Data segment:
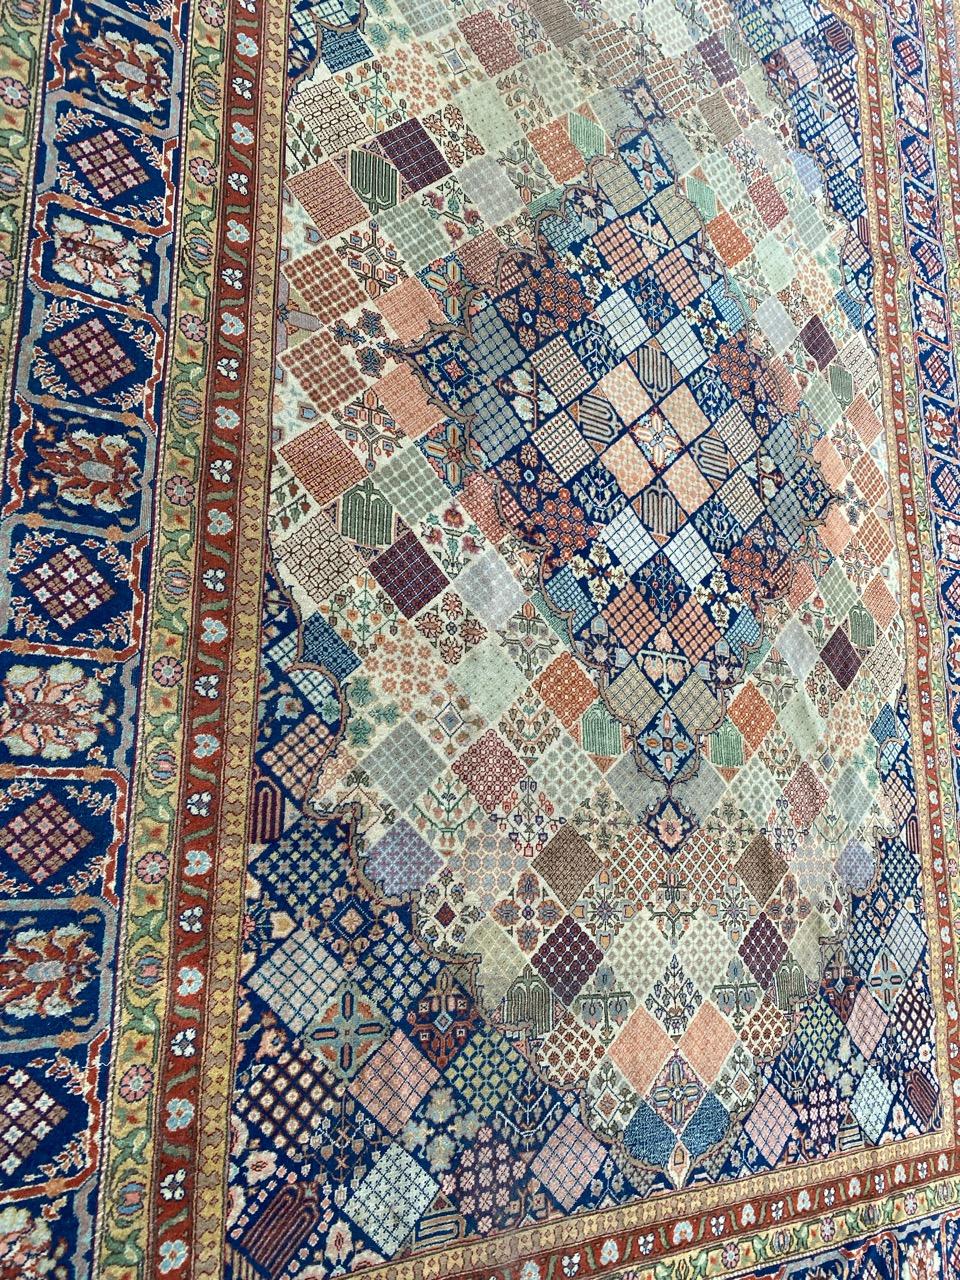 Sehr schöner großer Teppich aus der Mitte des Jahrhunderts mit schönem geometrischem und dekorativem Design und hübschen Farben, komplett handgeknüpft mit Wollsamt auf Baumwollbasis.

✨✨✨
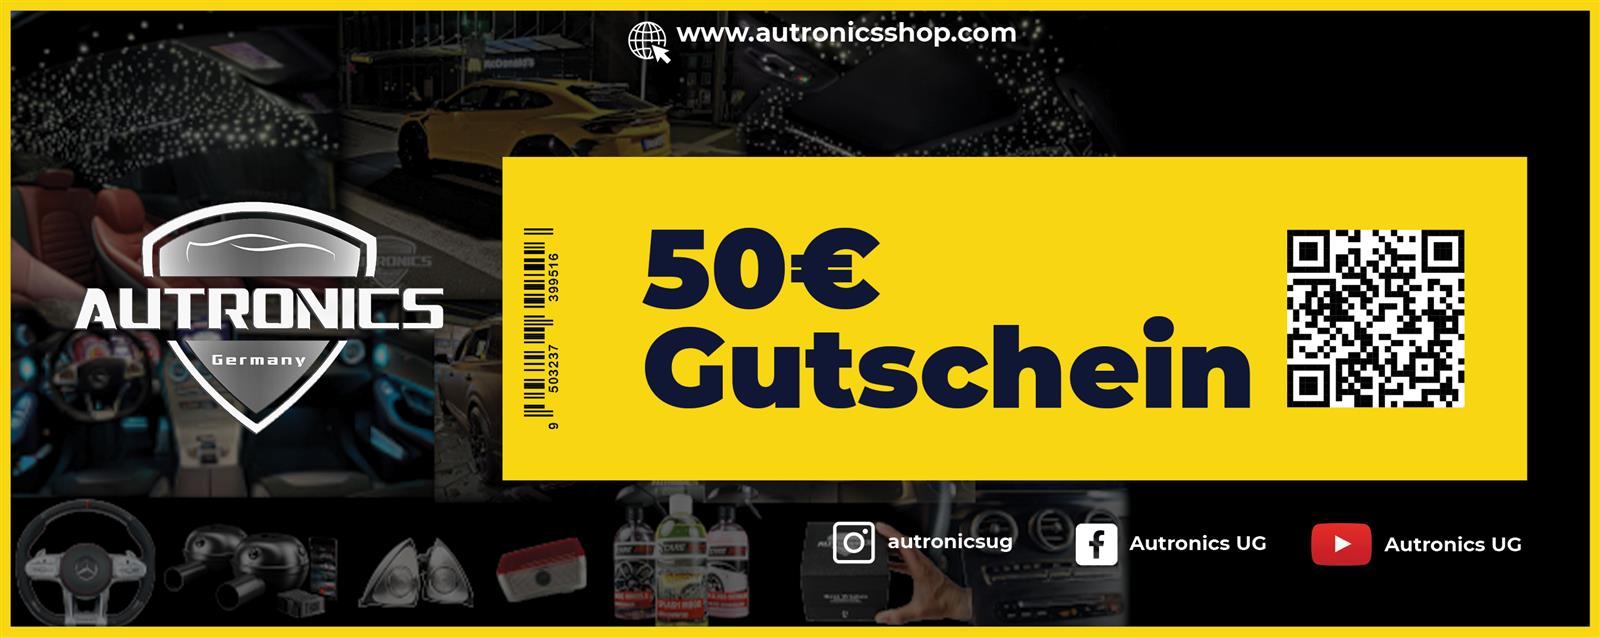 50EUR-Gutschein-Anwendbar-f-r-alle-Autronics-Inhouse-Dienstleistungsprodukte-Nachr-stungen-01

Problem to work on:
From the first line to the last, output the data exactly, without the pictures.

Response below:
 Sehr schöner großer Teppich aus der Mitte des Jahrhunderts mit schönem geometrischem und dekorativem Design und hübschen Farben, komplett handgeknüpft mit Wollsamt auf Baumwollbasis.

✨✨✨
 50EUR-Gutschein-Anwendbar-f-r-alle-Autronics-Inhouse-Dienstleistungsprodukte-Nachr-stungen-01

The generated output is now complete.